Chandler became an Explorer volunteer with the South Portland Fire Department in 1958 at 14. Though he couldn’t go into burning buildings, he rode on fire trucks and helped by pulling hoses. A year later, he was a full-fledged volunteer, following in the footsteps of his father, Lawrence, and older brother, Victor. 

   “It runs through my family. My dream was always to be a professional firefighter,” he said.

   In 1960, Chandler entered his first burning building – a home on Stanford Street in South Portland where a kitchen fire gutted two rooms.

“When we were able to gain entrance to the room and see the fire rolling over the ceiling, it was like ‘Wow!’” he says. 

  That fire was also the first time Chandler experienced the adrenalin rush firefighters experience every time they enter a burning building.

  “I don’t know that anyone could ever deny that fact, even today,” he says. 

  Lawrence Chandler died of cancer on July 1, 1965, the same week Chandler graduated from high school. After serving in the Navy from 1966 to 1968, Chandler returned to Maine to fulfill his dream of becoming a fulltime firefighter. Though he had passed South Portland’s firefighter test, he was a half-inch too short to be hired on full time. Instead, he was able to work day-to-day covering shifts for other fulltime firefighters. 

  Chandler passed the Portland test in 1969 by putting half-inch lifts in his tube socks to meet the height requirement. When he began as a fulltime firefighter, Chandler says he was paid $88 to work 56 hours each week.  

  “I found the job I liked and that’s what I stayed with,” he says.

  Flipping through a pile of old newspaper clippings, Chandler pulls out a photo from a fire scene, finds Engine 4 and points to the barely visible firefighters holding a hose next to it. One of those men was Chandler, battling the “devastating” Grand Trunk Fire in Portland in 1969.

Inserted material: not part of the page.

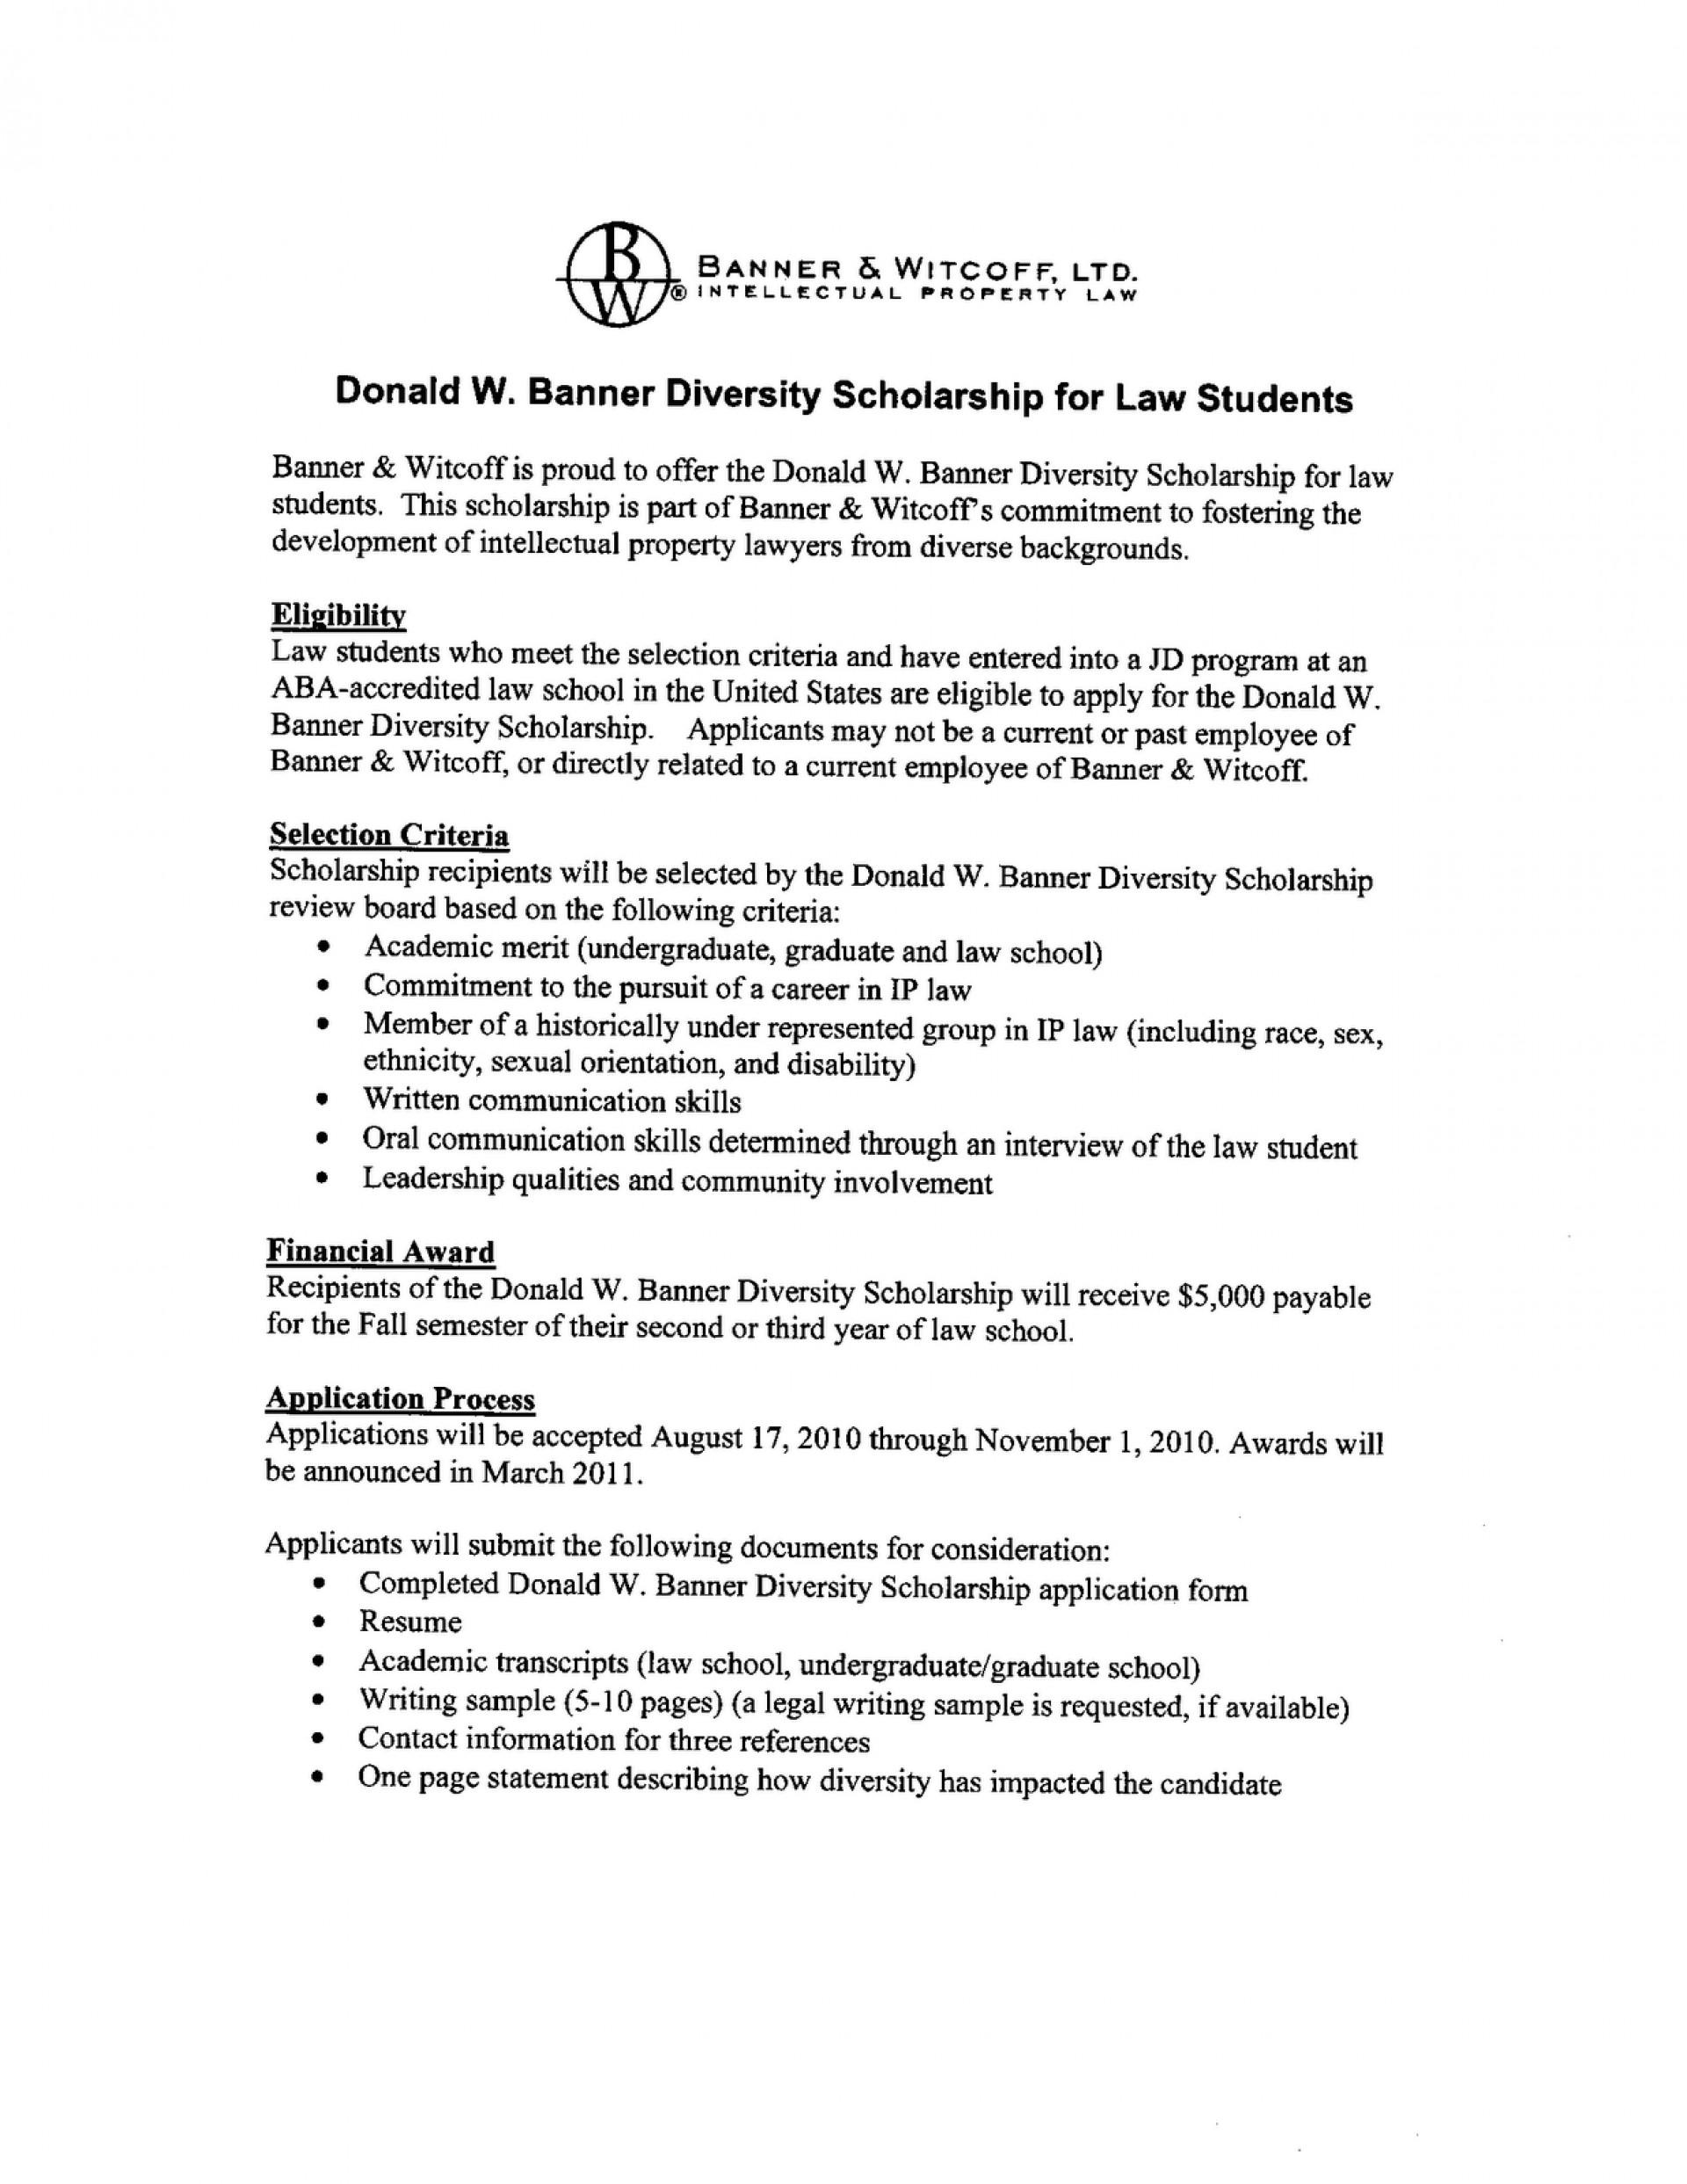 010 Harvard Accepted Essays Essay Fantastic Business School Reddit College Book 1920

  Chandler says that fire at a railroad yard by the waterfront was so hot and intense it could only be fought from the outside with a large volume of water. Injuries were avoided in large part because the department was able to prevent a large grain elevator from igniting.

   “If the grain elevator had blown, it would have wiped the Eastern Prom off the map,” he says. “It would have killed a lot of firefighters.”

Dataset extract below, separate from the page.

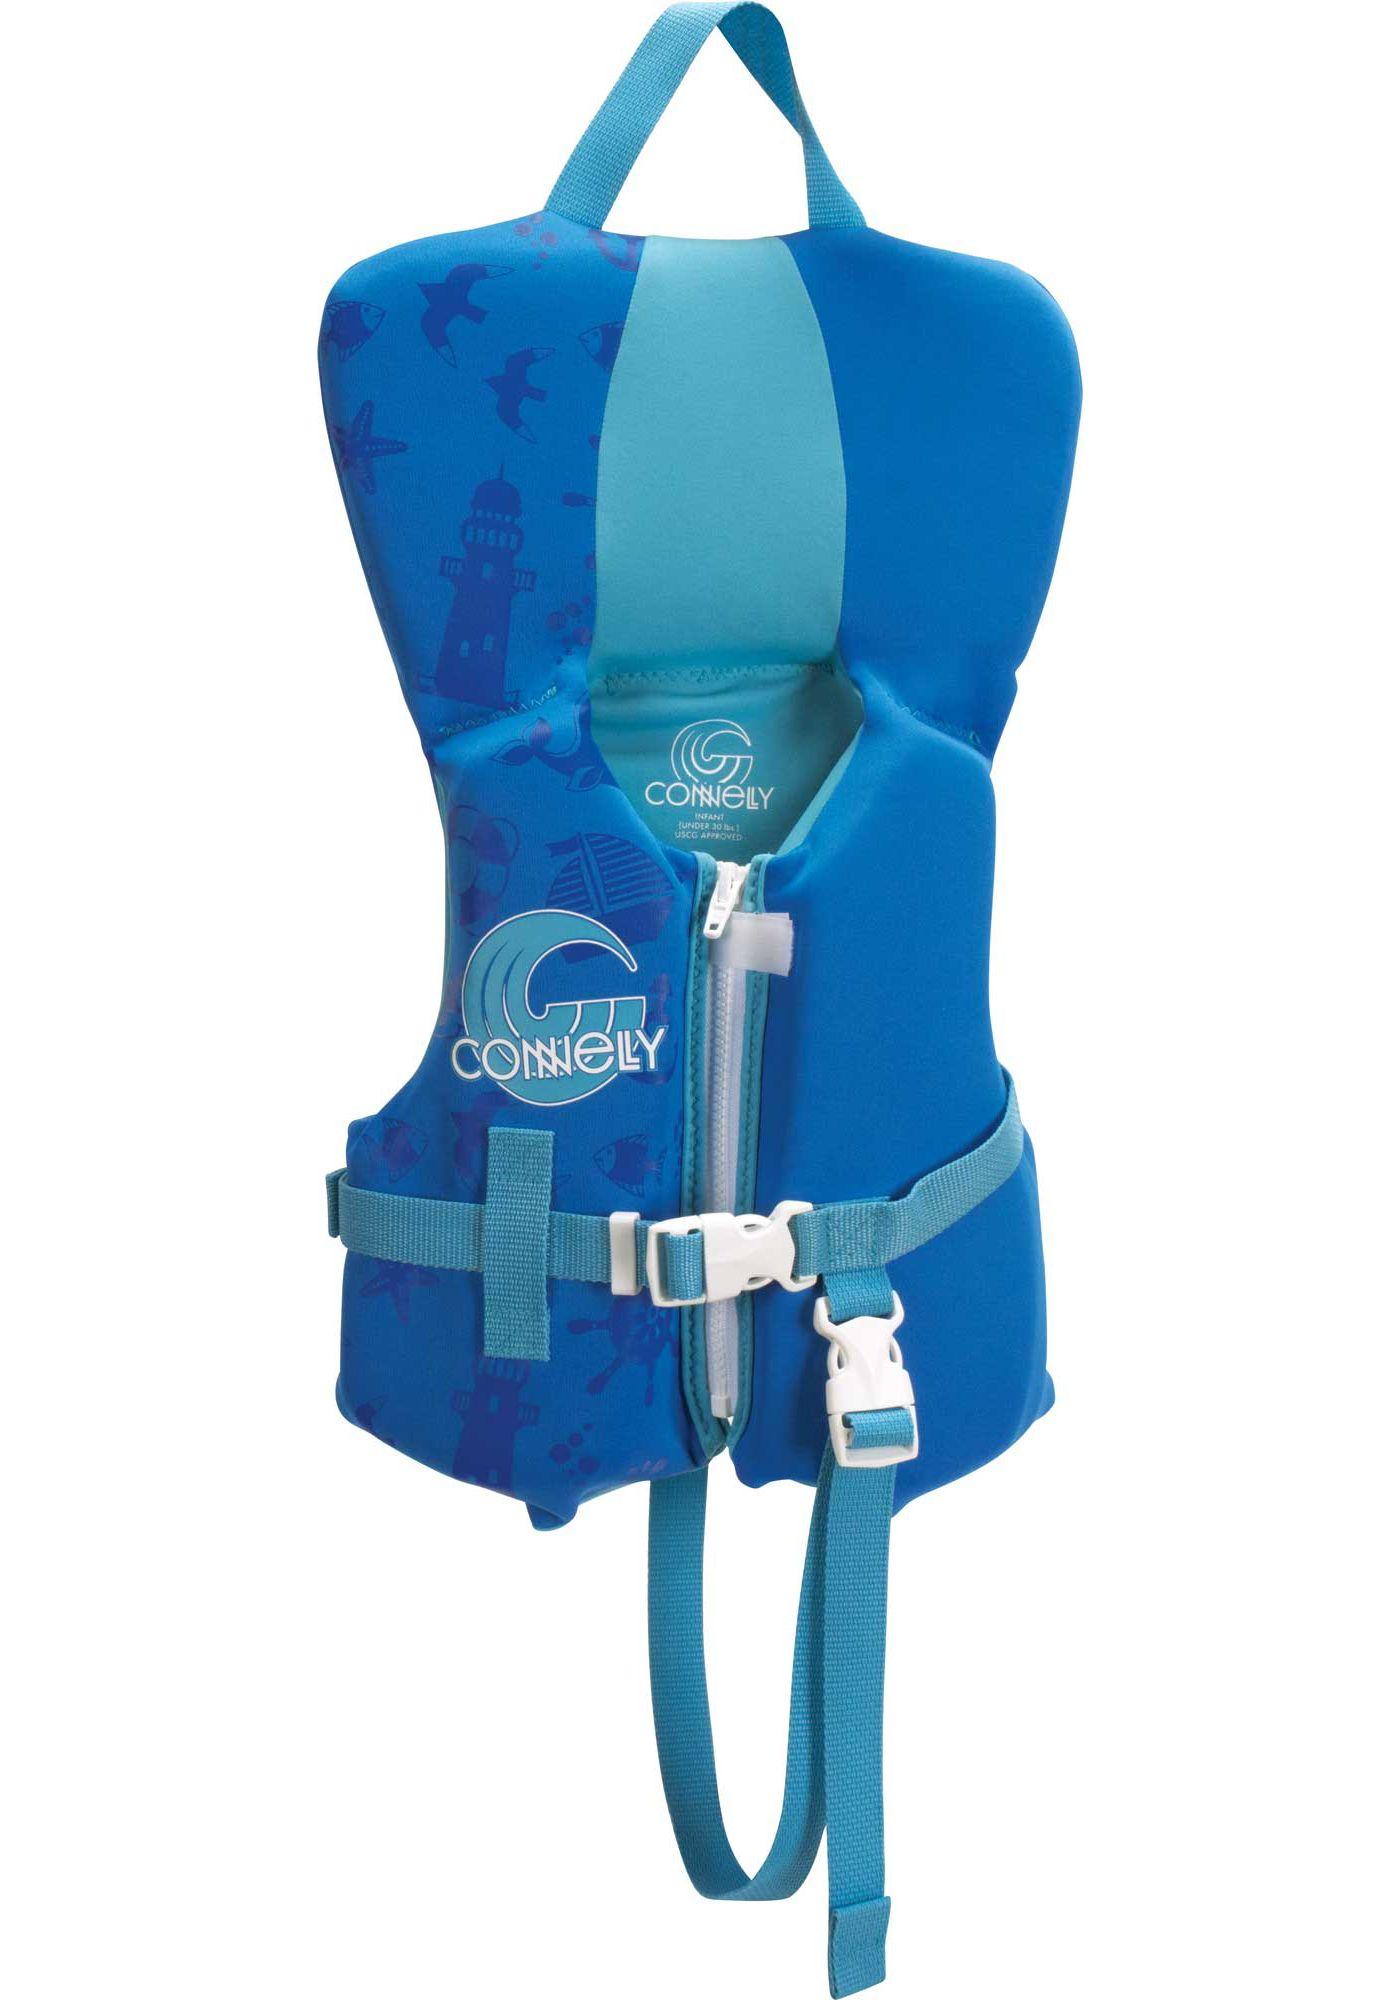 Connelly Infant Promo Neoprene Life Vest

   Chandler says there was a second fire at the same location on July 27, 1970 which was as “complicated” to fight as the first. He says it was fortunate there were no injuries or death at those fires, but he did lose colleagues during his career.

   Losing a fellow firefighter is something that always stays with you, Chandler says. He was one of the first to arrive on the scene of a 1980 three-alarm fire at The Phoenix Nightclub on Oak Street that killed 26-year-old firefighter Joseph C. Cavallaro Jr. Chandler says another friend and colleague, Frank Cowan, died of a heart attack related to a fire at the Kabob-N-Curry Restaurant on Congress Street in 1993. 

   “It’s definitely like someone is taking a piece of you and taking it away forever. There’s always a place in your heart,” Chandler says. “It’s very tragic. I don’t know how you can describe it in words. It’s part of your extended family. When you live with people day in and day out, sleep in the same room and eat at the same table, it’s a great loss.”

   Chandler says he didn’t want to retire in 2001 with credit for 33 years of service, but his body told him it was time. He misses the work, he says, but finds satisfaction in knowing his career helped people, which he said his father would be proud of. 

   “My whole life has been helping people and that’s what I enjoy most,” he says. “It’s about giving yourself back to the cities and towns, the joy of being able to put smiles on people’s faces, but also being there when there are tears on their faces.”